- **Source records**:
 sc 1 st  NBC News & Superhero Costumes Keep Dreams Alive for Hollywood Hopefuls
==
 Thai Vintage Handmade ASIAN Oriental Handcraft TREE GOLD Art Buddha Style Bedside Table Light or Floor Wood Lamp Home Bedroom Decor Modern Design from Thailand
--
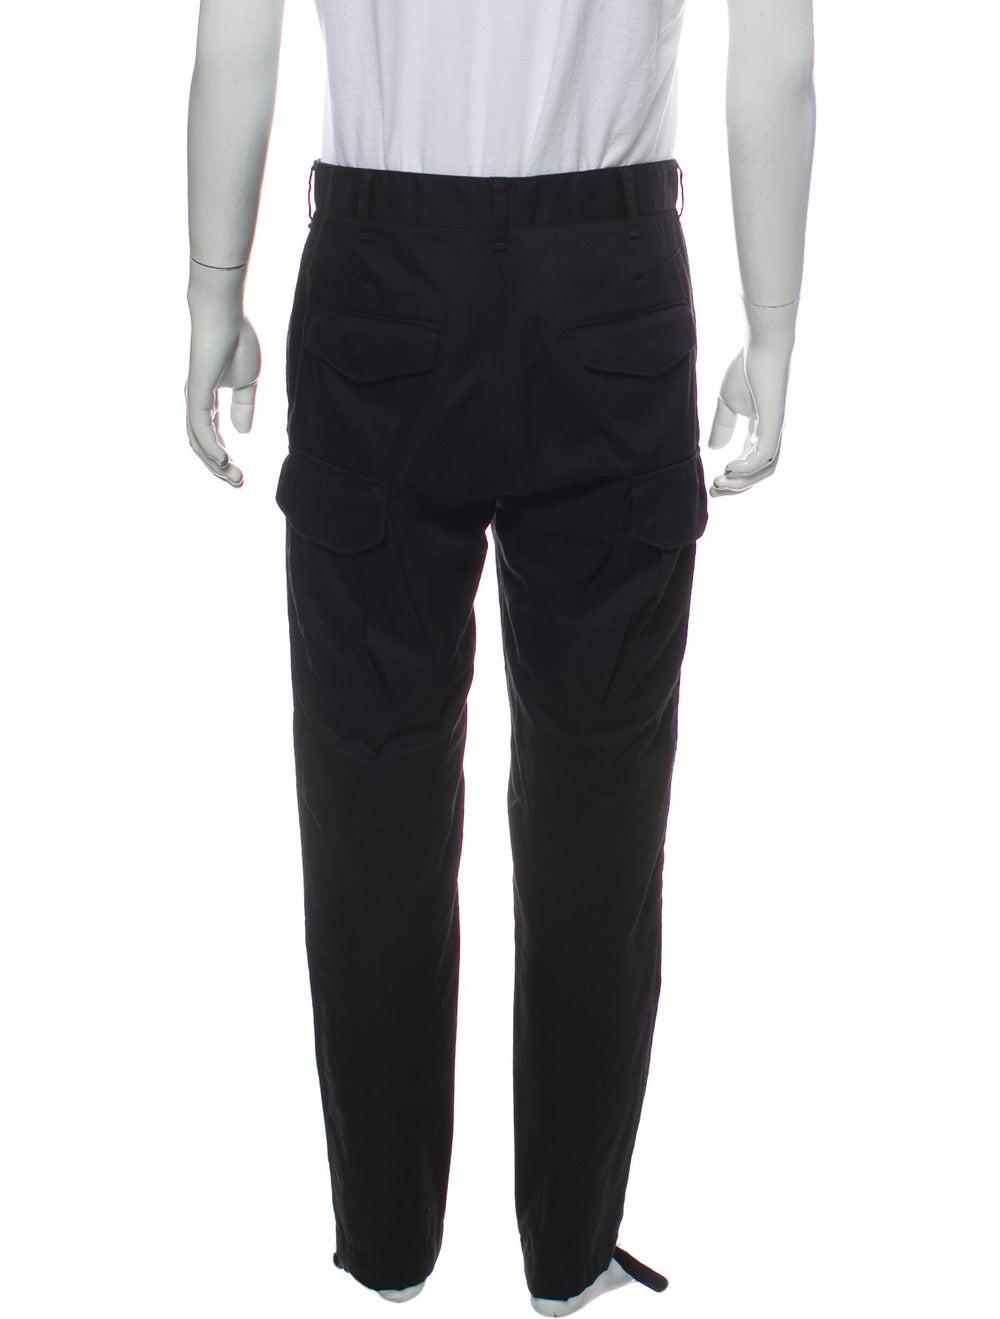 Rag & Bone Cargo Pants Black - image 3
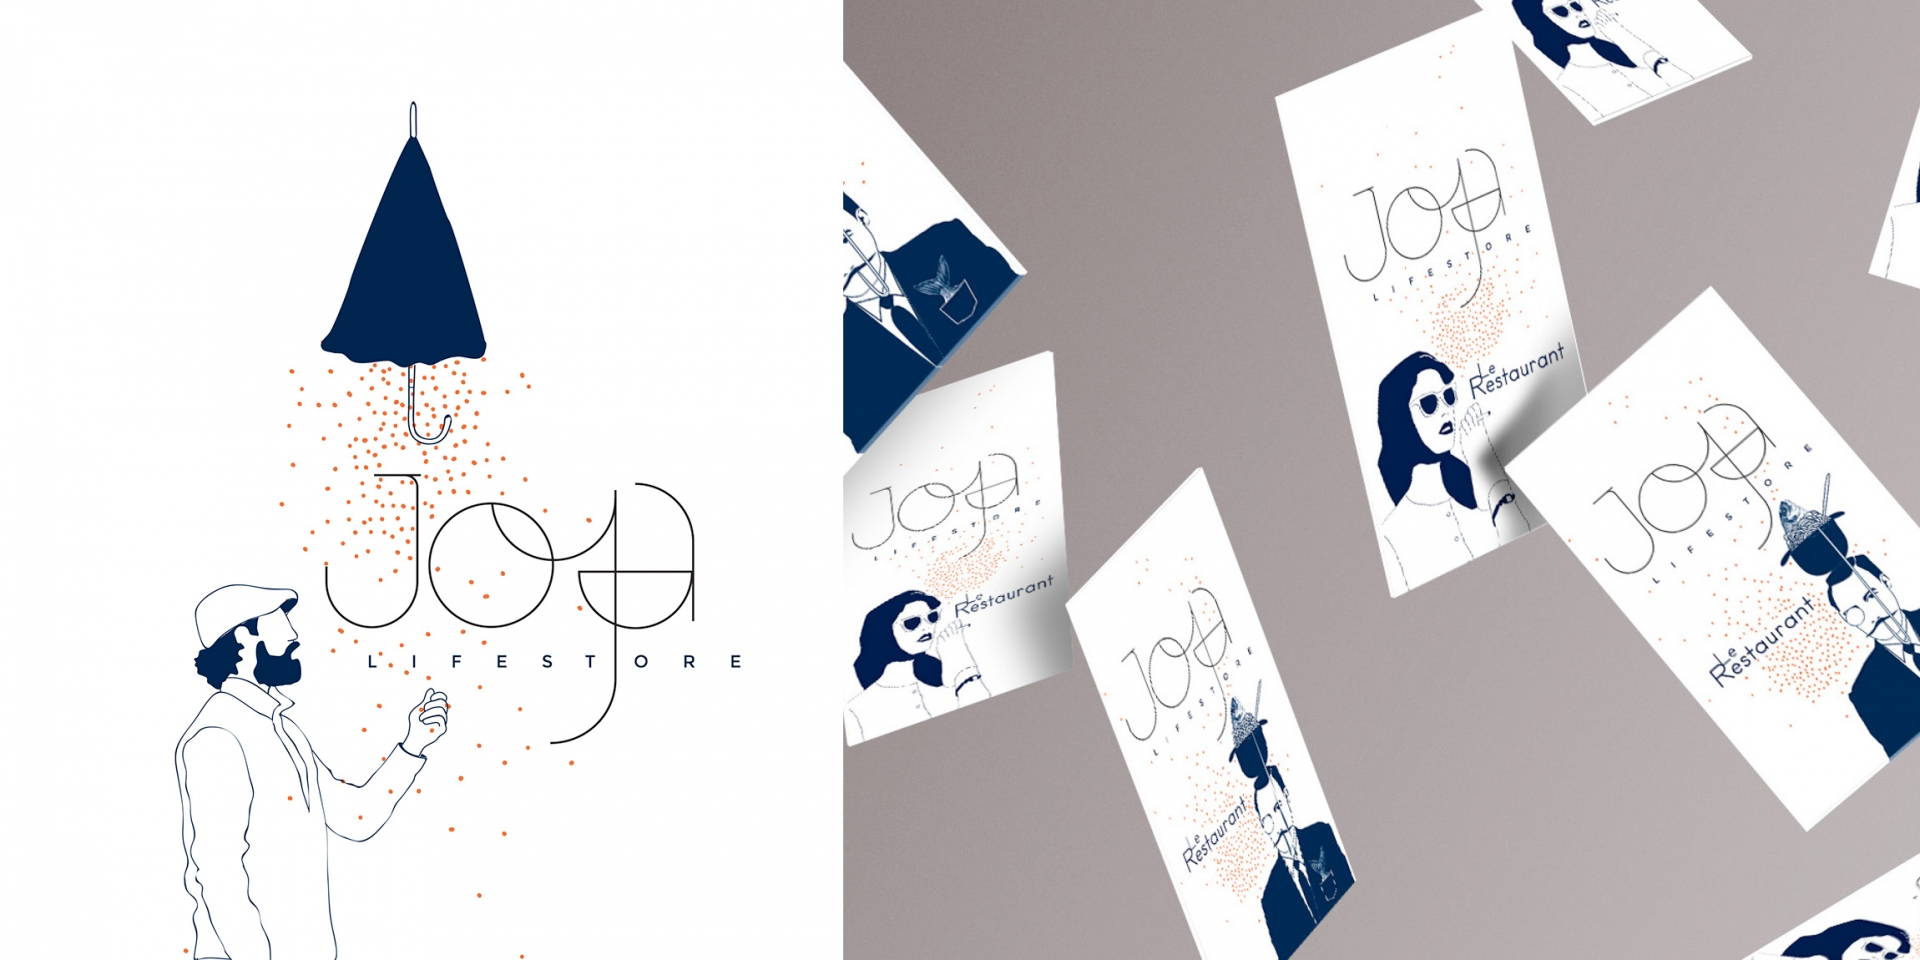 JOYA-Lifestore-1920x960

- **Instructions for the task**: Beginning with the line above that contains "Rag & Bone Cargo Pants Black - image 3" and ending with the line that contains "JOYA-Lifestore-1920x960", quote each line exactly, keeping out the pictures.

- **Reply**:
 Rag & Bone Cargo Pants Black - image 3
 JOYA-Lifestore-1920x960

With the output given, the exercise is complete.